What Are Examples of Gender Discrimination at Work?

Gender discrimination in the workplace may be obvious or subtle, individual or systemic.

  • Unequal Pay for Equal Work – The pay gap is a major issue that persists to this day, even in a modern city like New York, contributing to a chain reaction of inequalities for workers that can affect their families for generations. In NYC, it could be illegal discrimination to get lower pay for doing the same job as someone of a different gender. In addition, your employer must comply with new pay transparency laws and cannot stop you from talking about your salary and benefits with your coworkers.
  • Harassment or Toxic Work Environment – Unwelcome sexual advances, derogatory comments about your gender, or any behavior that makes you feel unsafe or undervalued at work could be illegal harassment. Harassment based on gender does not have to be overtly sexual to be considered discrimination.
  • Favoritism and Biased Promotions – Your workplace has a pattern of consistently overlooking individuals of a particular gender when it comes to promotions, career development chances, training opportunities, and certain benefits, even when those individuals have equal or superior qualifications to others who advance. You deserve to be acknowledged and rewarded for your workplace accomplishments.
  • Stereotyping in Job Roles – You get assigned or denied specific job roles based on gender stereotypes. For example, your manager assumes that only men are suited for physically demanding tasks or leadership positions.
  • Exclusion from Meetings or Projects – You and other employees of a certain gender are regularly excluded from important meetings, projects, or networking opportunities that are critical to your professional growth. For example, you don’t get invited to outings with coworkers because they’re “hanging out with the guys” or going to gendered locations like strip clubs or gender-exclusive membership clubs.
  • Pregnancy Discrimination – Treating employees poorly because of their pregnancy, childbirth, or related medical conditions is illegal. For example, you get denied parental leave or your supervisor lays you off while you’re on leave. Management may decide that you’re no longer on the fast track to advancement since starting a family.
  • Transgender Discrimination – Unfair treatment of transgender employees is not tolerated in New York City. Refusing to use an employee’s preferred name or pronouns, excluding transgender workers from gender-appropriate facilities, or denying gender-affirming healthcare benefits are all illegal discrimination.

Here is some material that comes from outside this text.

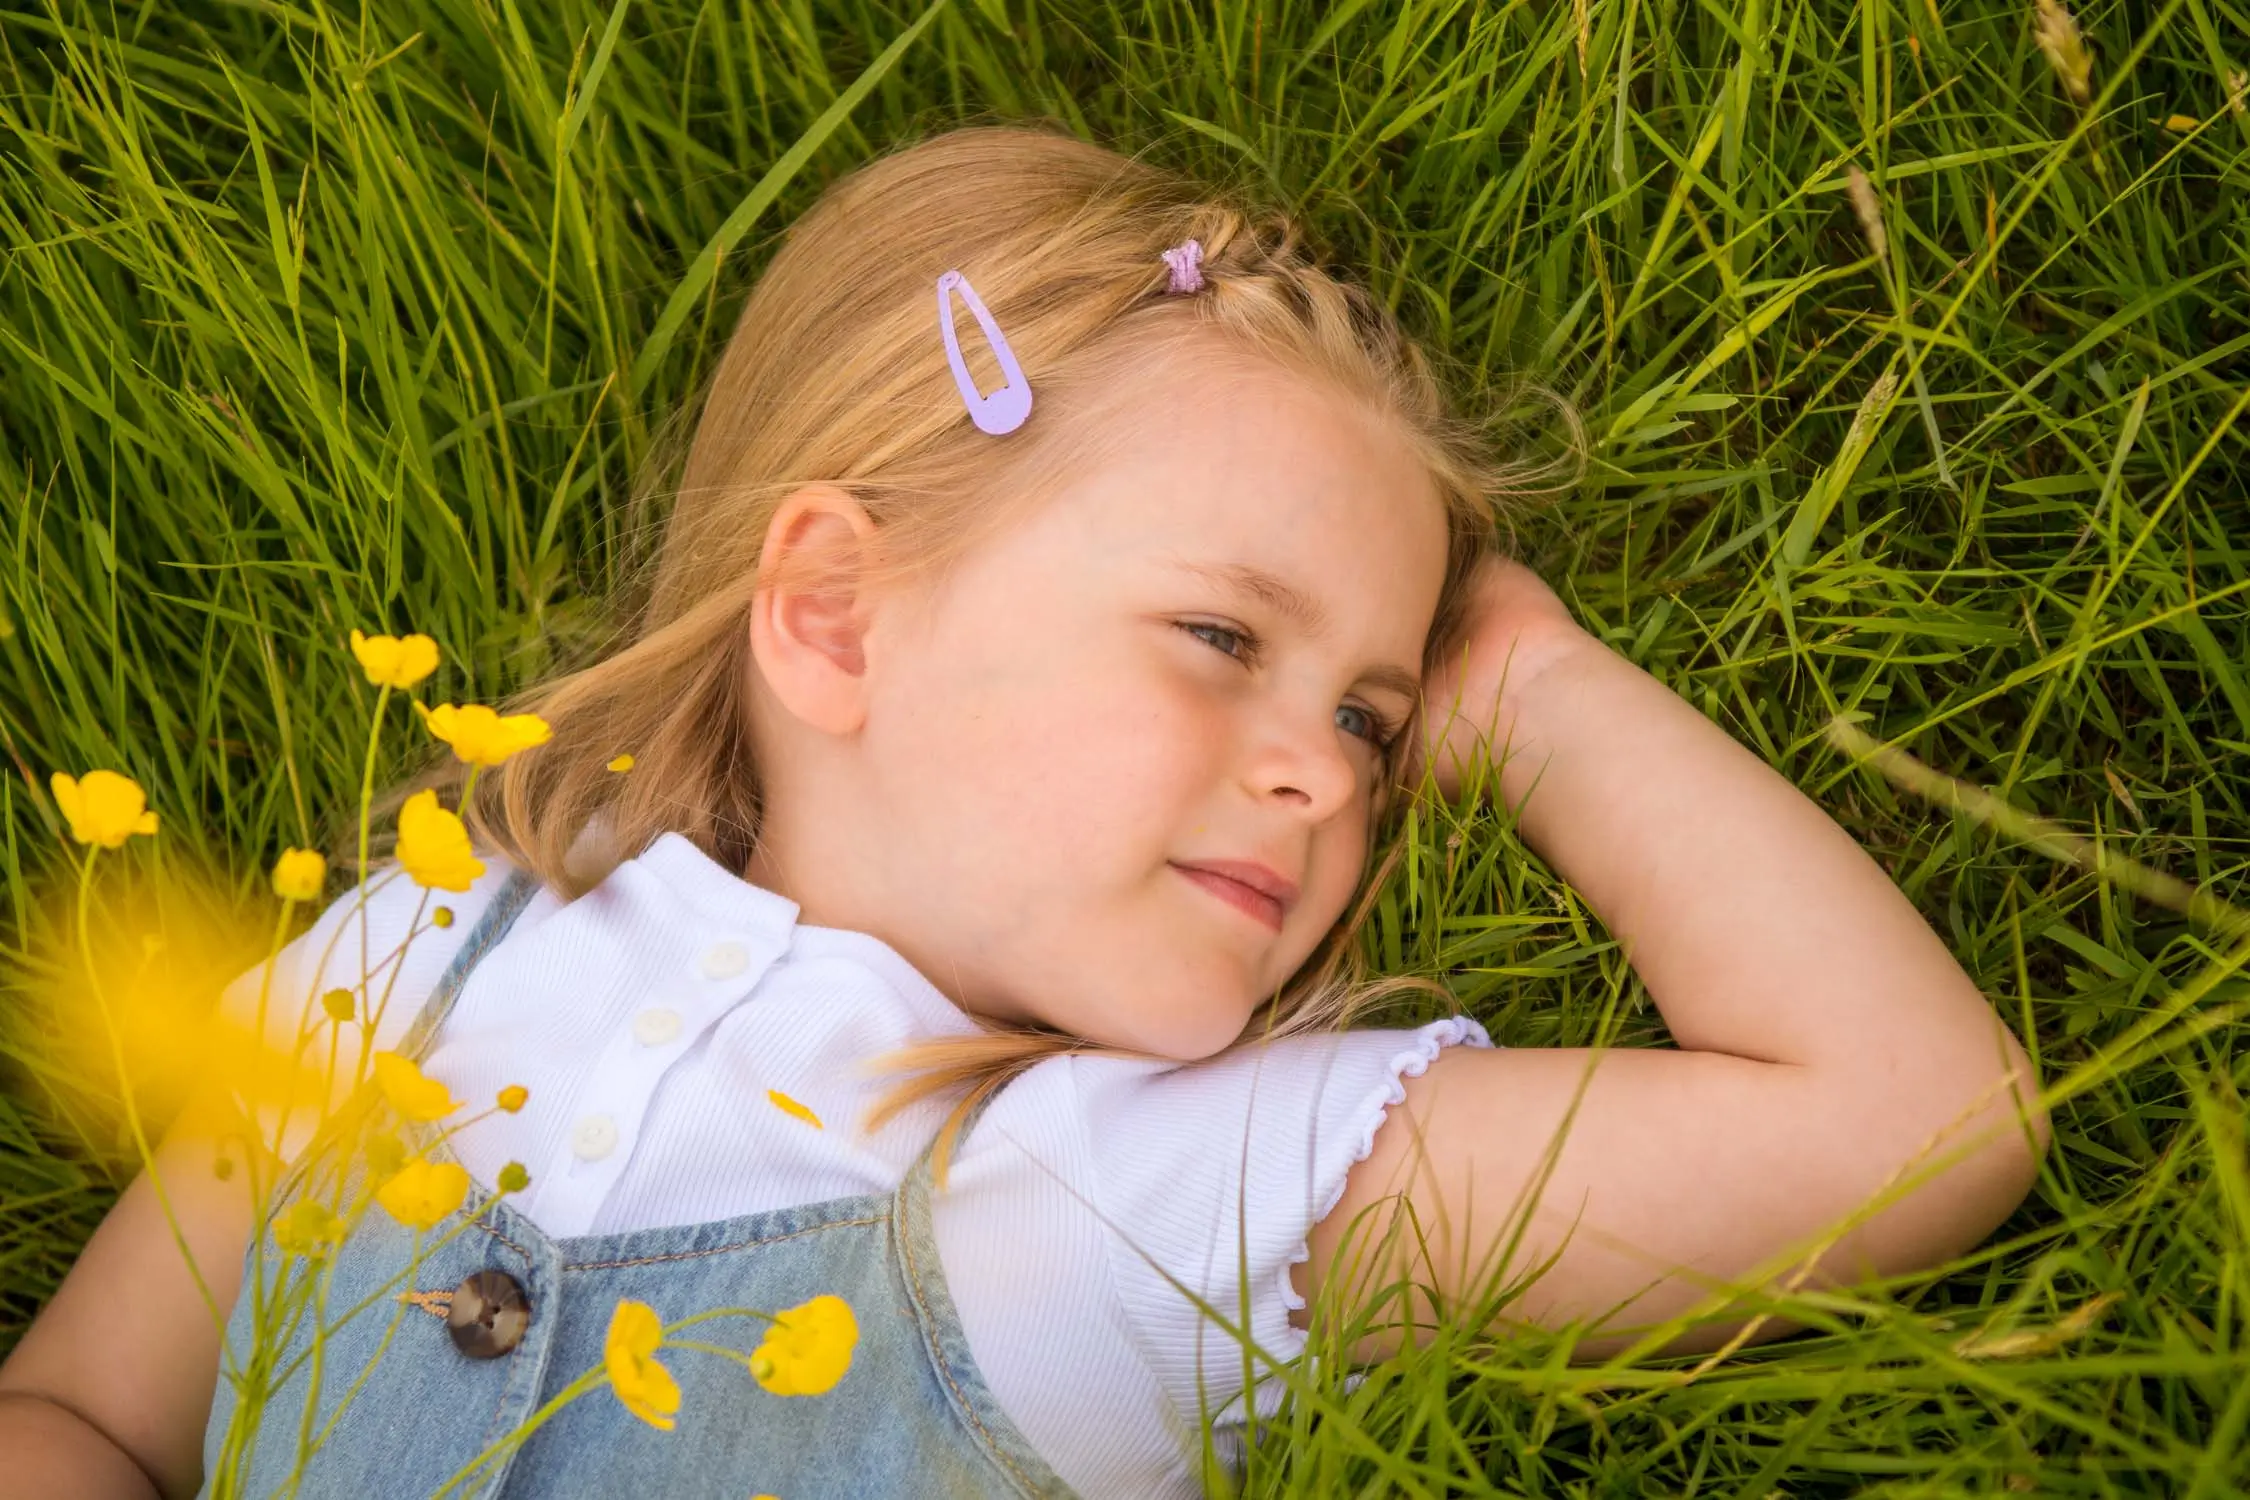 A young girl lying in the grass with wildflowers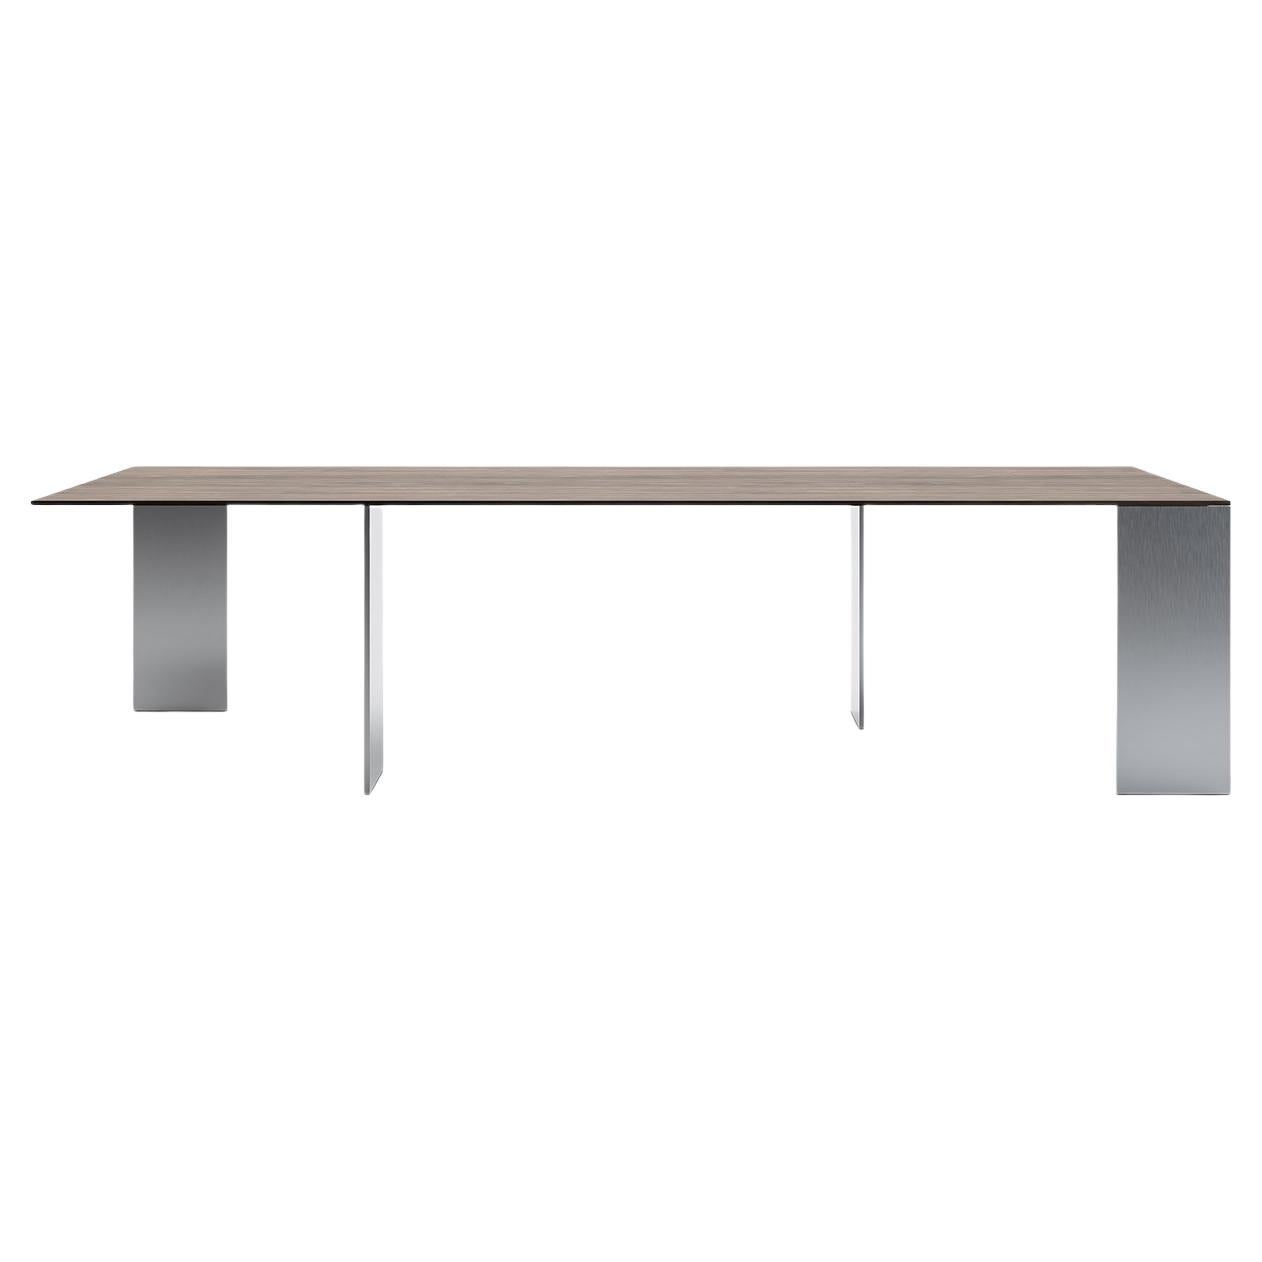 Acerbis Axis Small Table in Eucalyptus Wooden Top with Brushed Steel Frame

NYC’s Human Rights Law recognizes all of the above examples as illegal discrimination. This reflects the city’s commitment to fostering work environments where employees are judged and rewarded based on their qualifications and performance instead of their gender.

What Can You Do About Gender Discrimination at Work?

If you’re suffering from gender discrimination at work, you have legal options.

First, document everything related to the discrimination. Keep detailed records of incidents, conversations, or decisions that you believe are discrimination. Make sure to make copies for yourself, as your employer may try to cover their tracks if they find out you’re filing a claim.

Second, consider internally reporting the discrimination. NYC companies must have anti-discrimination training and procedures to effectively deal with complaints of discrimination. Unfortunately, many companies fail to address discrimination issues when they come up. In a worst-case scenario, your employer may illegally retaliate against you for filing a claim.

Most importantly, getting the right legal advice is a critical step in addressing workplace gender discrimination. An experienced employment discrimination lawyer can inform you of your rights and guide you in determining your best course of action. You should contact an attorney as soon as you suspect discrimination at work – your legal counsel can evaluate the strength of your case and represent you in legal proceedings if necessary.